## DATASET ENTRIES

____

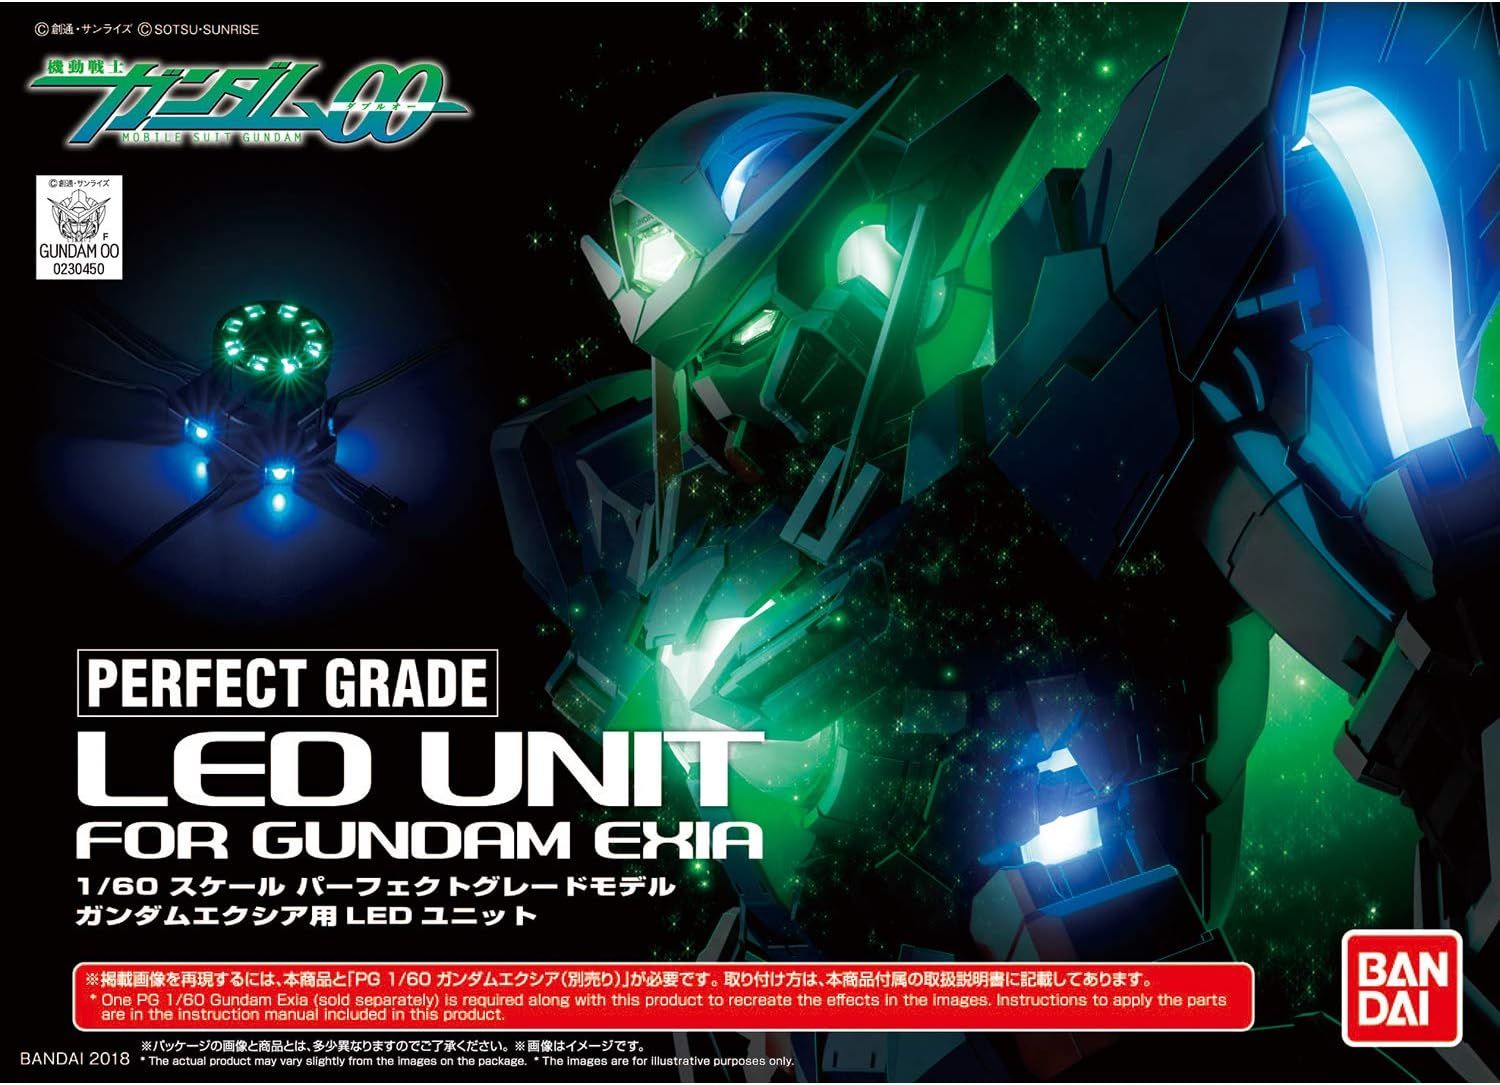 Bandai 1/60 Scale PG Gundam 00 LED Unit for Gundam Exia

____

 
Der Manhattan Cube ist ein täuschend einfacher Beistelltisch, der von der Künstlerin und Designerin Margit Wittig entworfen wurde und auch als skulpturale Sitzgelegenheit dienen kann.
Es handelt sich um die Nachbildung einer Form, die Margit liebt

____

## EXERCISE AIM
Copy out each line of the listing where the string "Margit" appears.

## REPLY
Der Manhattan Cube ist ein täuschend einfacher Beistelltisch, der von der Künstlerin und Designerin Margit Wittig entworfen wurde und auch als skulpturale Sitzgelegenheit dienen kann.
Es handelt sich um die Nachbildung einer Form, die Margit liebt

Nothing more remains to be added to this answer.